Generally, IDH1 mutation and 1p/19q codeletion has been known as prognostic biomarkers in glioma [59]. Since RNA-seq gene expression data are used in this study, the GAENET has a limitation in that the model is not able to detect such biomarkers. However, it has been reported that nearly all 1p/19q codeleted glioma has IDH1 mutation [60]; therefore, such biomarkers can be represented by the gene expression of IDH1 in a mediate manner, although the mutation cannot be directly detected. As a result, the gene attention found that IDH1 was the top 2.2% prognostic gene, which was 443rd out of 19,990 genes. Given that the expression of IDH1 was investigated instead of its mutation, it can be said that gene attention partially considered IDH1 as a potential prognostic gene.

5. Conclusions

In this study, an ensemble deep learning model, namely the GAENET, was proposed to estimate the prognosis of LGG with gene expression. The GAENET employed the proposed attention mechanism for gene expression data, called gene attention. Owing to the advantage of the gene attention mechanism, it is possible to discover prognostic genes in a nonlinear and combinational perspective, which is the nature of deep learning training. While deep learning training has been considered a black box, it was demonstrated that prognostic genes in such a view can be determined by the gene attention layer. Additionally, a few conventional training methods for deep learning, including residual learning, were introduced.

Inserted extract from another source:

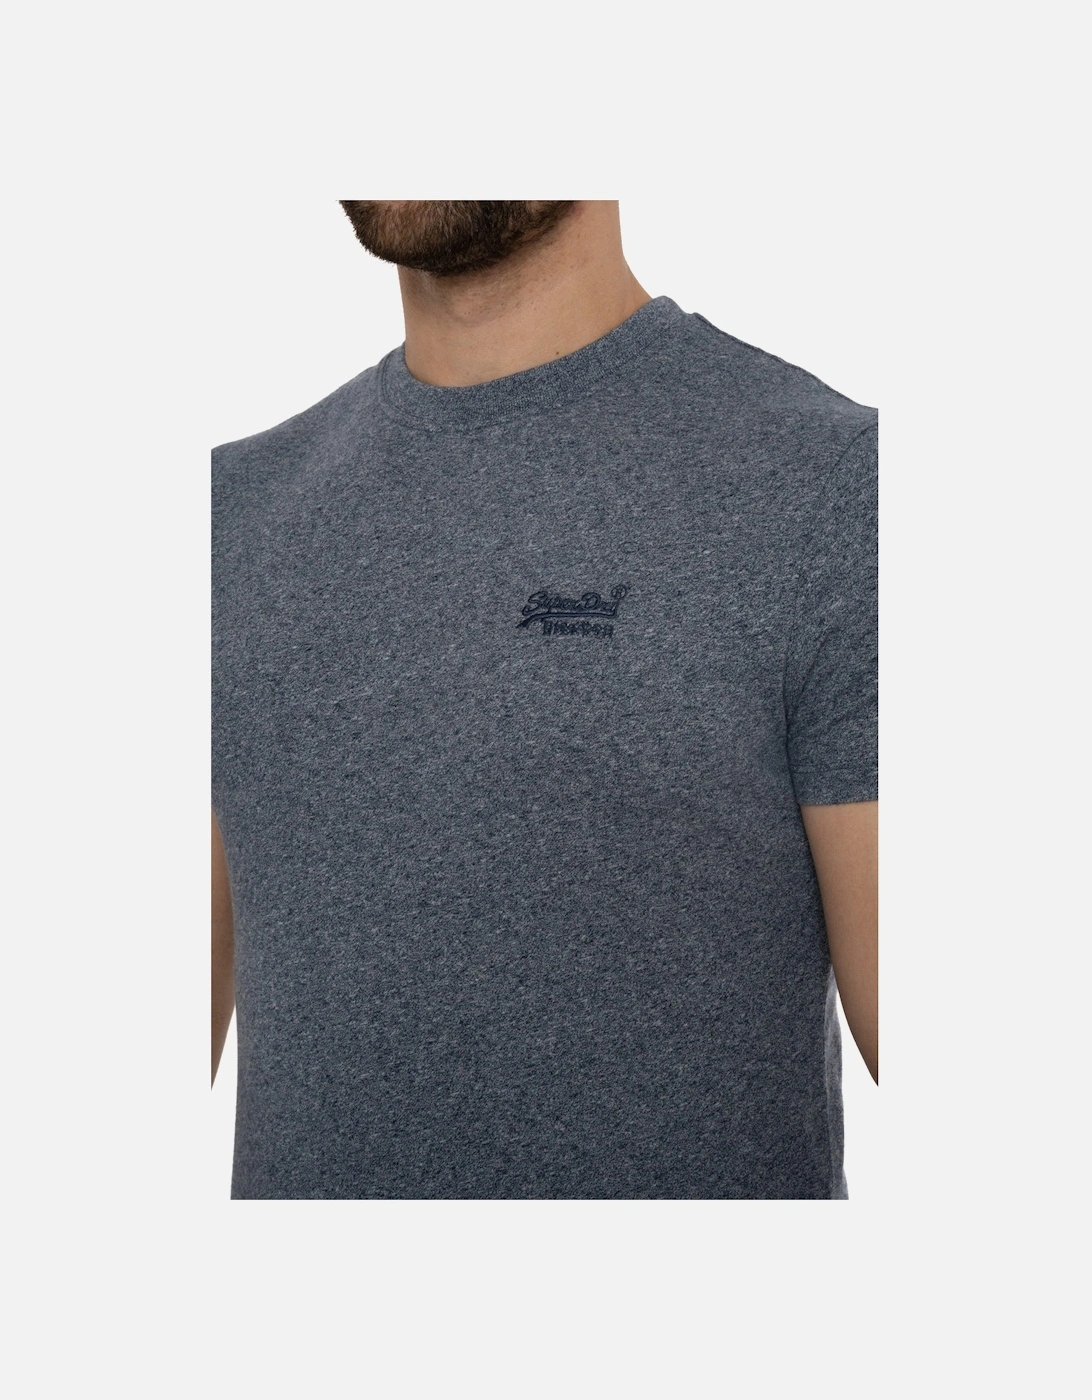 Mens Vintage Embroidered Logo T-Shirt (Navy)

As a result, it was demonstrated that the GAENET outperformed conventional methods for estimating prognosis, exhibiting a 7.2% performance difference compared to the second-best model. Additionally, the prognostic genes of LGG, including HILS1, DACH1, and GLIS1, were discovered by the proposed gene attention. In the ablation study of the GAENET, it was confirmed that the methods used in the GAENET contributed to the performance of the GAENET, in which the residual learning showed the most significant difference.